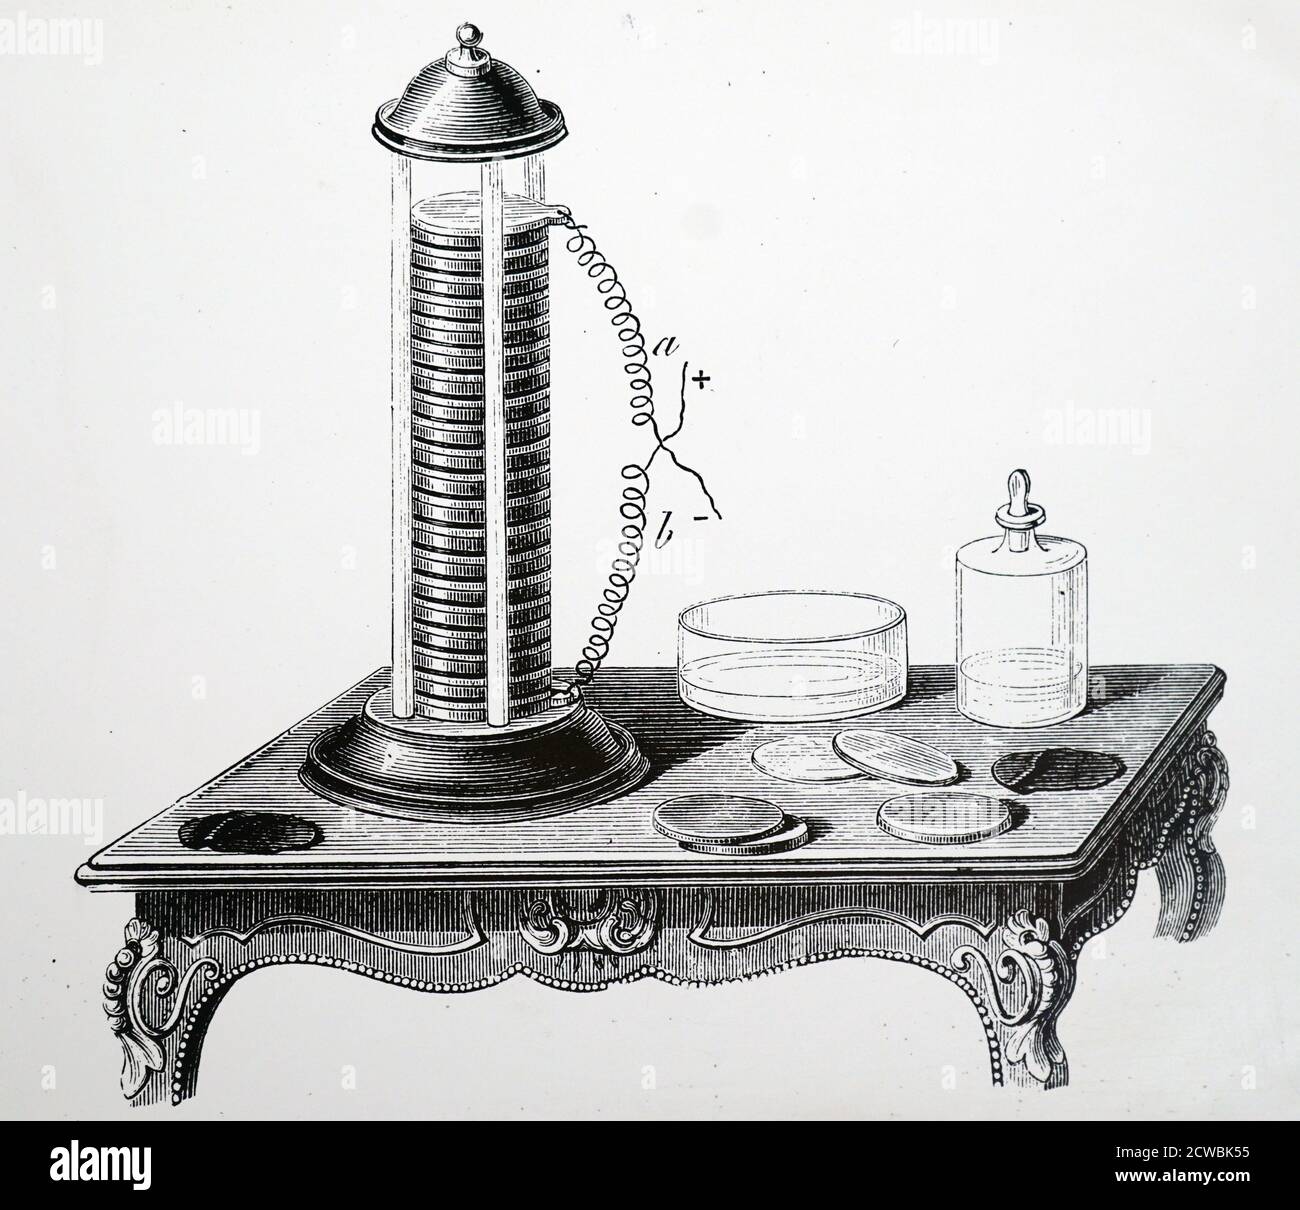 Grabado que representa la pila de Alessandro Volta: La primera batería eléctrica compuesta de discos de zinc, cobre, tela humedecida con ácido, zinc, etc. Foto de stock
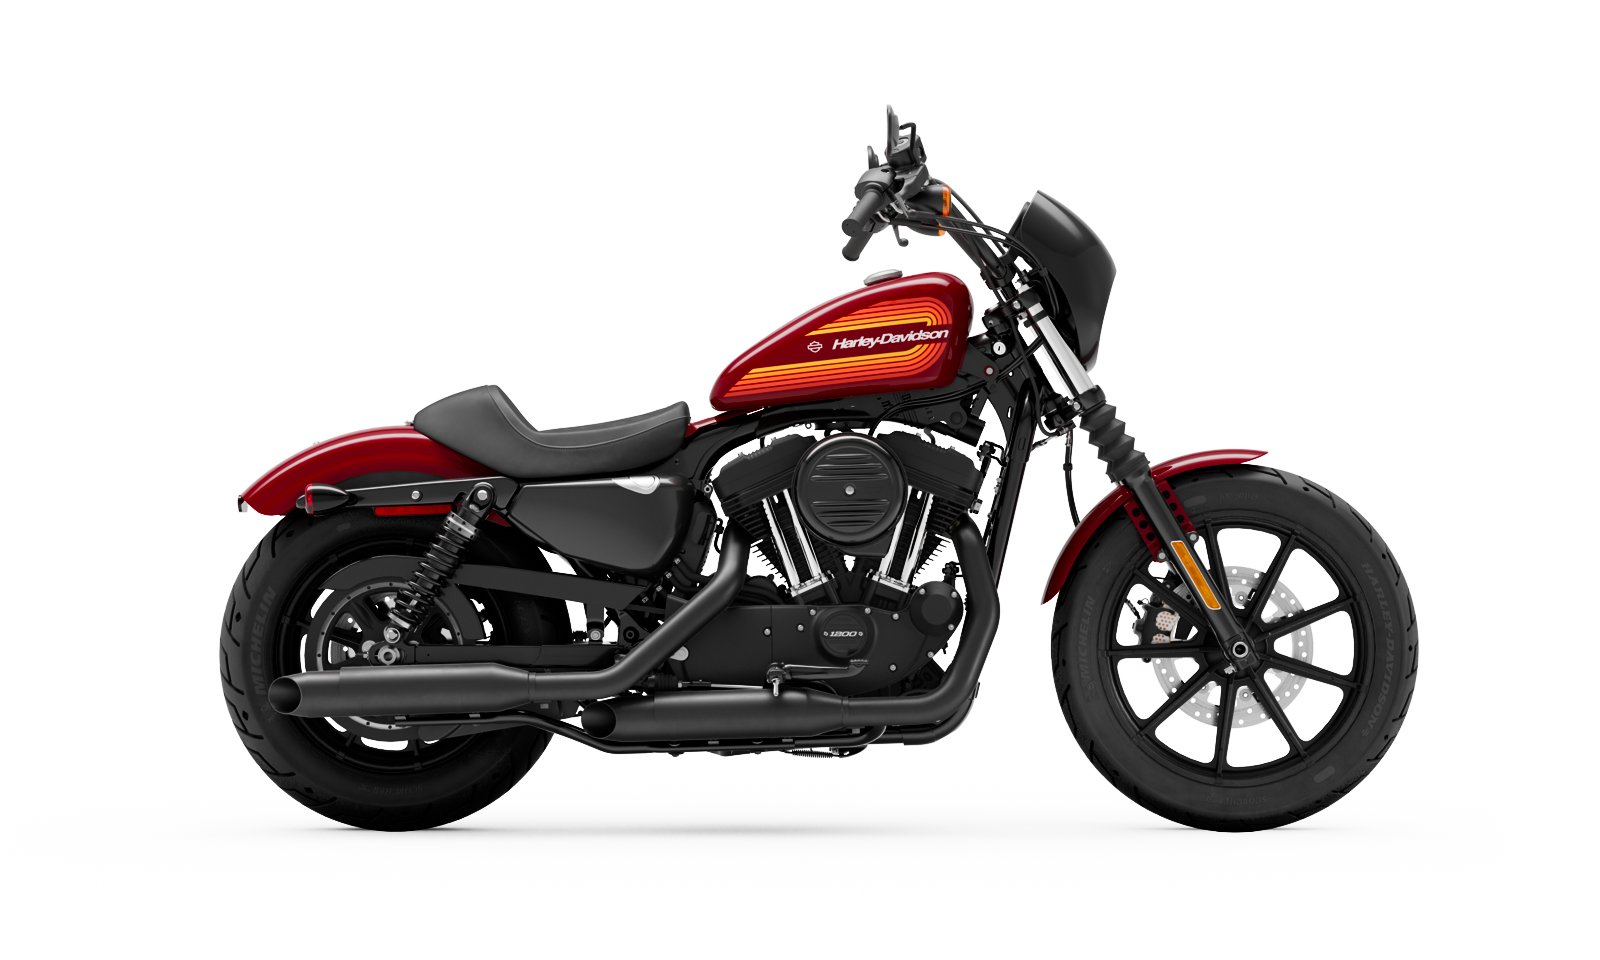 2021 Iron 1200 Motorcycle Harley Davidson New Zealand
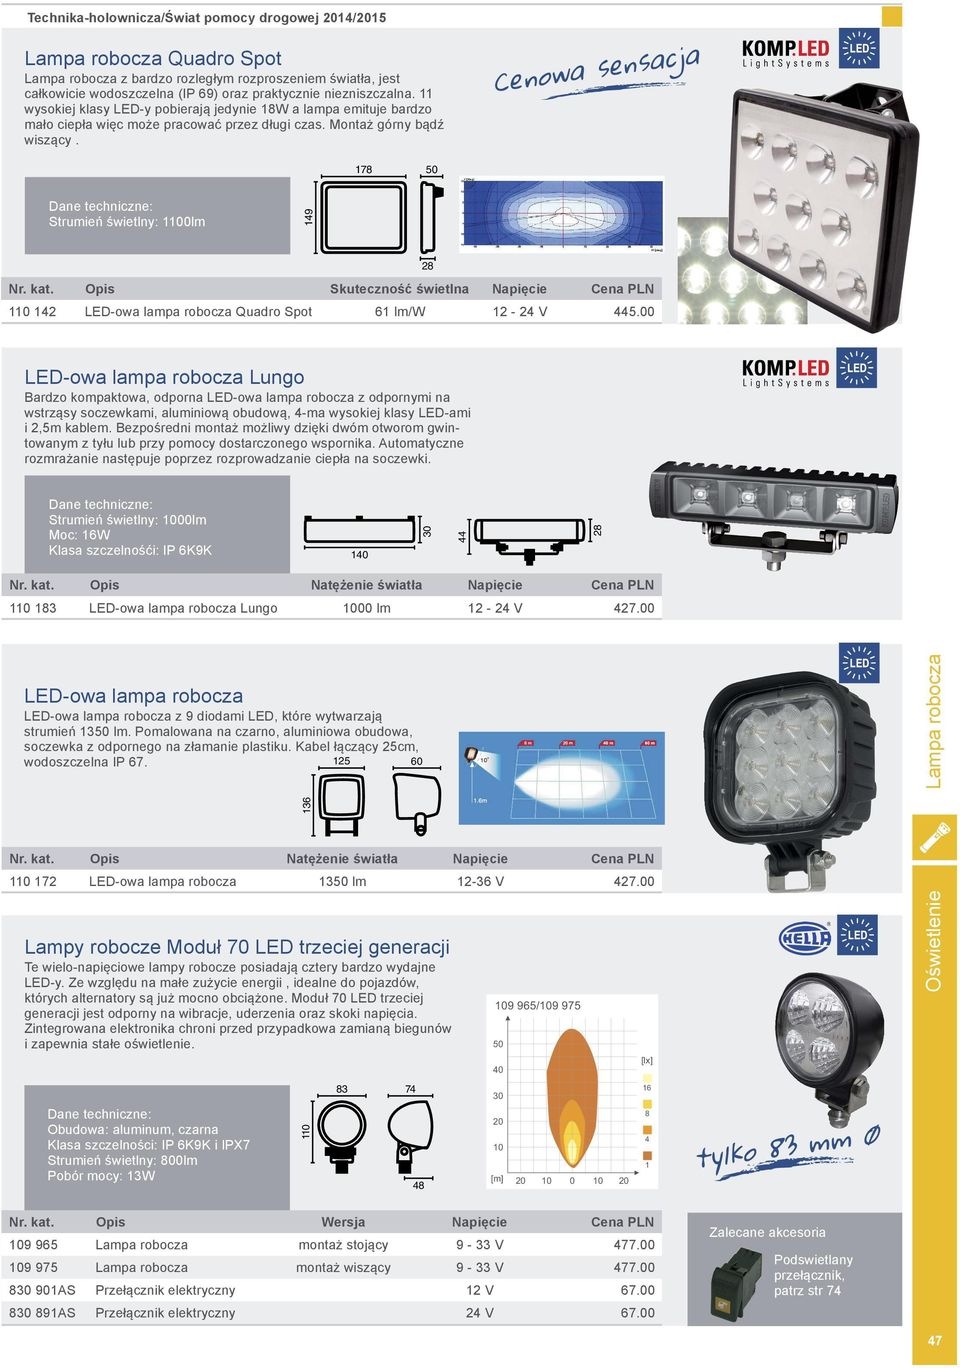 Opis Skuteczność świetlna Napięcie Cena PLN LED-owa lampa robocza Quadro Spot lm/w - V.

Goal of the exercise:
Working from the listing above, retype it exactly but include no images.

Output for this exercise:
 Grabado que representa la pila de Alessandro Volta: La primera batería eléctrica compuesta de discos de zinc, cobre, tela humedecida con ácido, zinc, etc. Foto de stock
 2021 Iron 1200 Motorcycle Harley Davidson New Zealand
 Opis Skuteczność świetlna Napięcie Cena PLN LED-owa lampa robocza Quadro Spot lm/w - V.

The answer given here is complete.